The collaboration focuses on childhood leukemias, brain tumors and tumors of bone, muscle and other connective tissues called sarcomas. St. Jude will provide DNA from tumor and normal tissues of patients, Washington University’s Genome Center will perform the whole-genome sequencing, and both will participate in validation sequencing. Researchers at both institutions will collaborate to analyze the data and make the information publicly available once validated. Prior research by this group and others indicates that the many genetic abnormalities in childhood cancers will differ from those found in adult cancers.
"This extraordinary partnership will add a new dimension to our understanding of childhood cancers," says pediatric geneticist Larry Shapiro, MD, executive vice chancellor for medical affairs and dean of Washington University School of Medicine. "A genomewide understanding of cancer offers great promise for developing powerful new approaches to diagnose and treat cancer or perhaps even to prevent it. In the short term, the project will yield key genetic information that may ultimately help physicians choose the best treatment options for young cancer patients."

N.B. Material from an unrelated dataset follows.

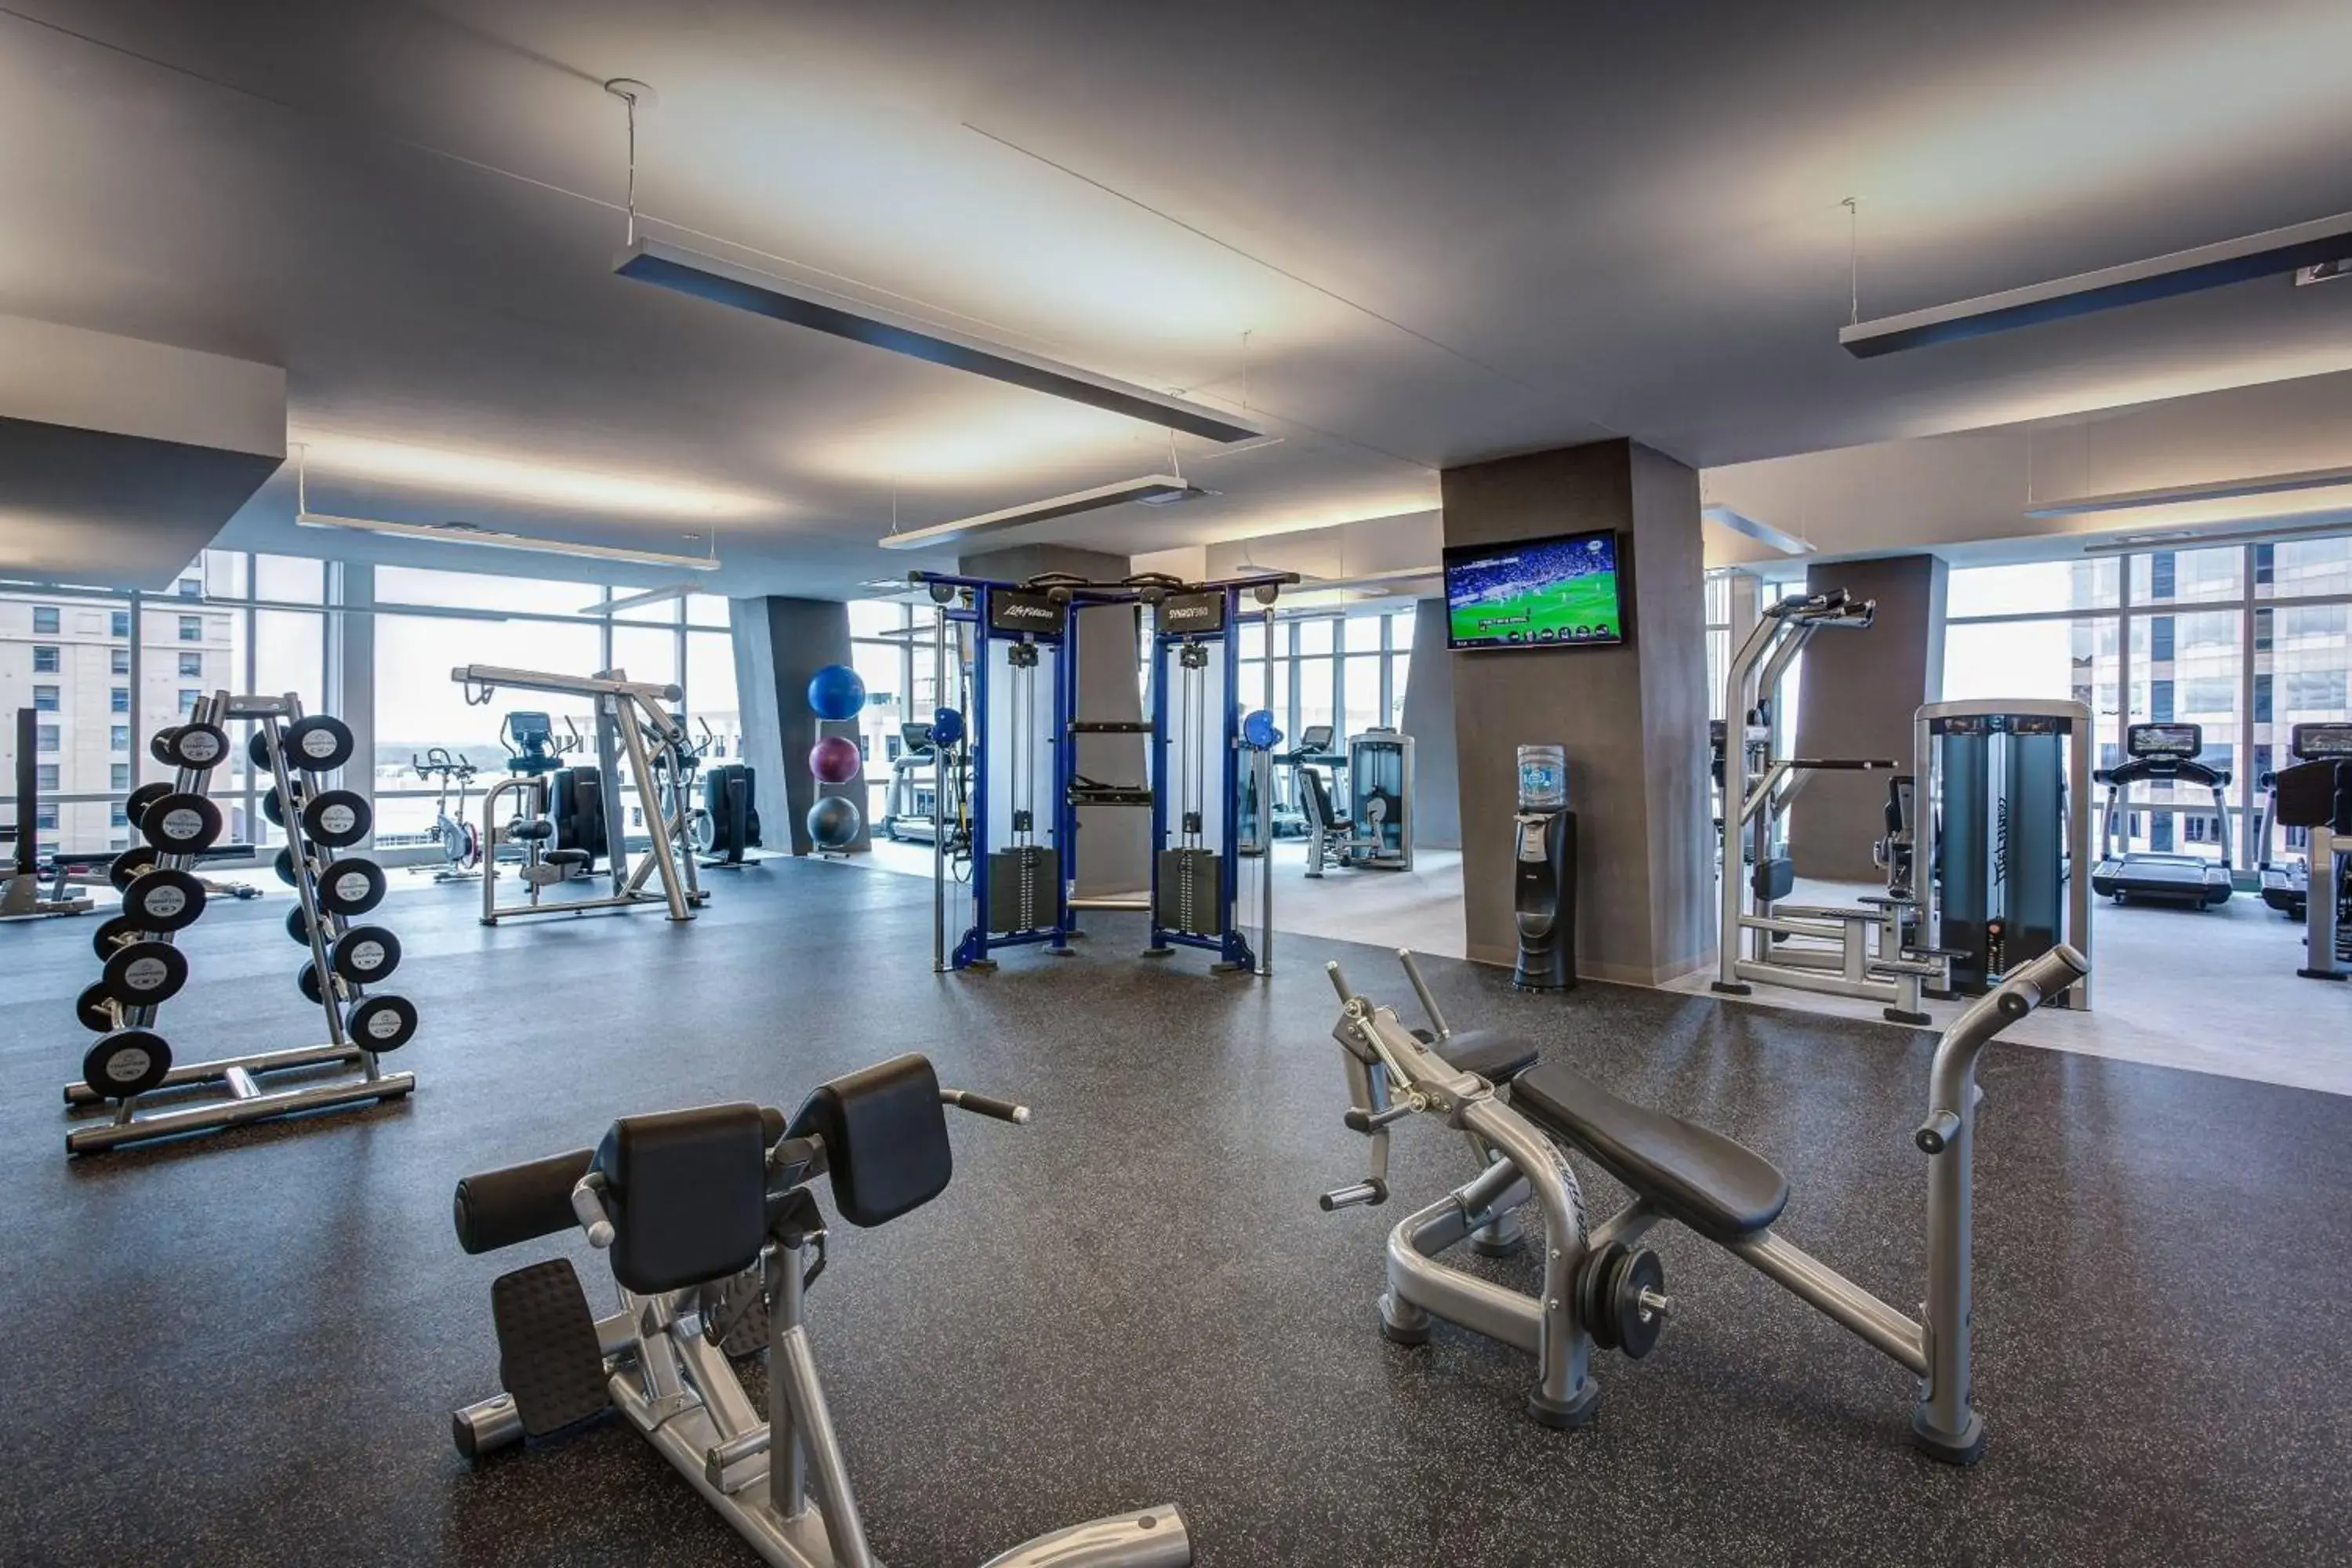 Fitness centre/facilities, Fitness Center/Facilities in JW Marriott Austin

Scientists at Washington University’s Genome Center pioneered whole‐genome sequencing of cancer genomes. In 2008, Richard Wilson, PhD, director of the center, along with co-director Elaine Mardis, PhD, and Timothy Ley, MD, the Alan and Edith Wolff Professor of Medicine, and colleagues became the first to decode the complete genome of a cancer patient and trace her disease – acute myeloid leukemia – to its genetic roots. They have since sequenced the genomes of additional cancer patients, including those with breast, lung and ovarian tumors and glioblastoma, a type of brain tumor. These studies have identified intriguing and unexpected genetic connections between patients with different types of cancer that likely would not have been discovered using conventional approaches.
Earlier research to identify cancer mutations has typically focused only on the few hundred genes already suspected of being involved in the disease. While a few recent studies have involved sequencing the 20,000 or so protein-coding genes in the genome, the whole-genome approach involved in this collaboration provides a more detailed and complete picture of all the mutations involved in a patient’s cancer by examining both the protein-coding genes and the long stretches of DNA between genes, which may influence the ways the genes work. Such complete genomic sequencing is now possible because of recent advances that have made the technology faster and far less expensive.

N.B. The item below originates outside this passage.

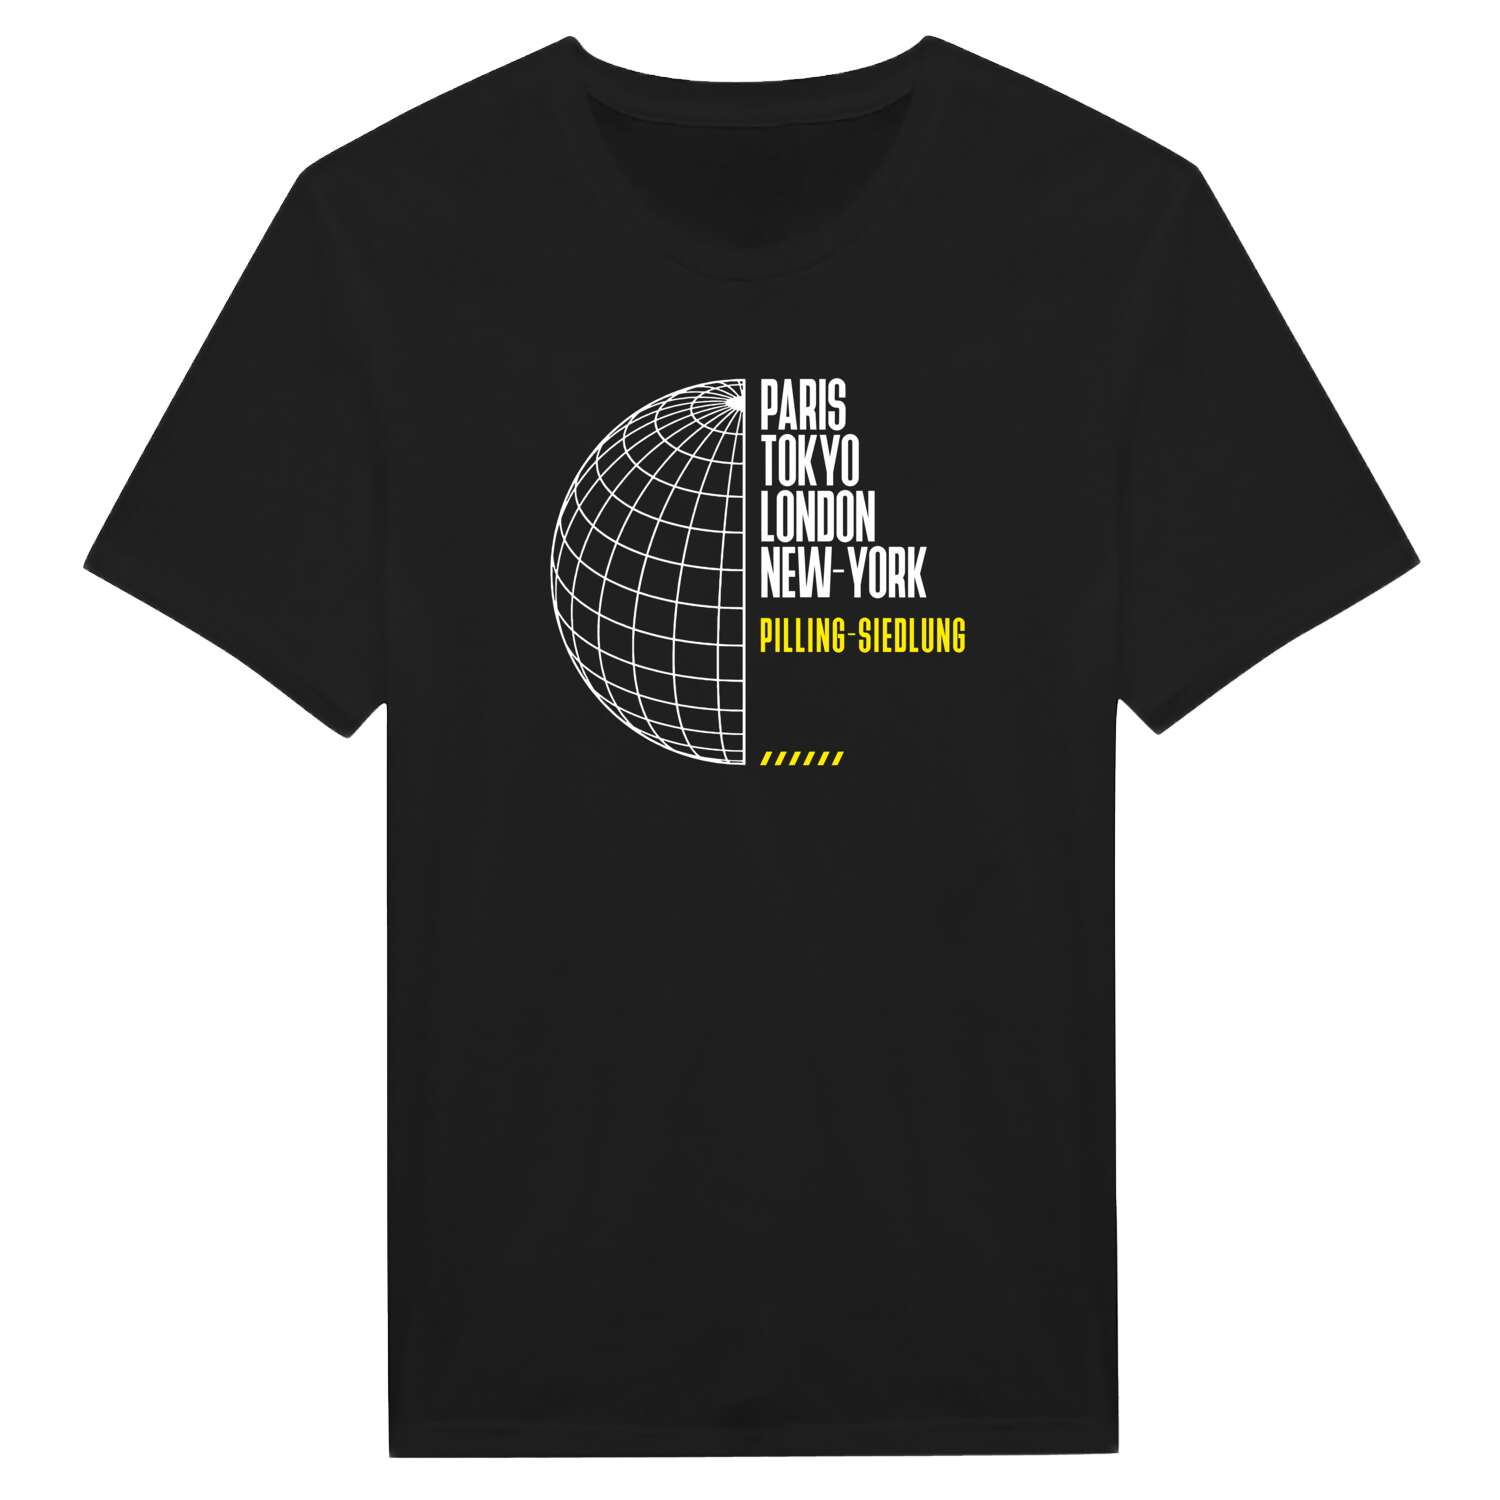 Pilling-Siedlung T-Shirt »Paris Tokyo London«

Researchers involved in the project also will investigate how pediatric cancer is influenced by variations in the genome, including epigenetic changes, which alter the expression of genes but not the genes themselves. In addition, they will use DNA sequencing data to identify genetic markers that can help physicians decide the best treatment options for cancer patients based on the genetic profile of their tumors.
The project's scope and design reflects the philosophies and talents of the institutions involved. St. Jude and Washington University have a history of scientific collaboration and a track record of innovation in patient care. They also share a commitment to excellence and openness in research. The pediatric genome project will include a public database where information, once validated, will be shared with the international scientific community, with the goal of accelerating progress against childhood cancer.
While great progress has been made in treating childhood cancer, it is still the leading cause of death from disease among U.S. children over 1year of age, and cure rates for some childhood cancers remain below 50 percent.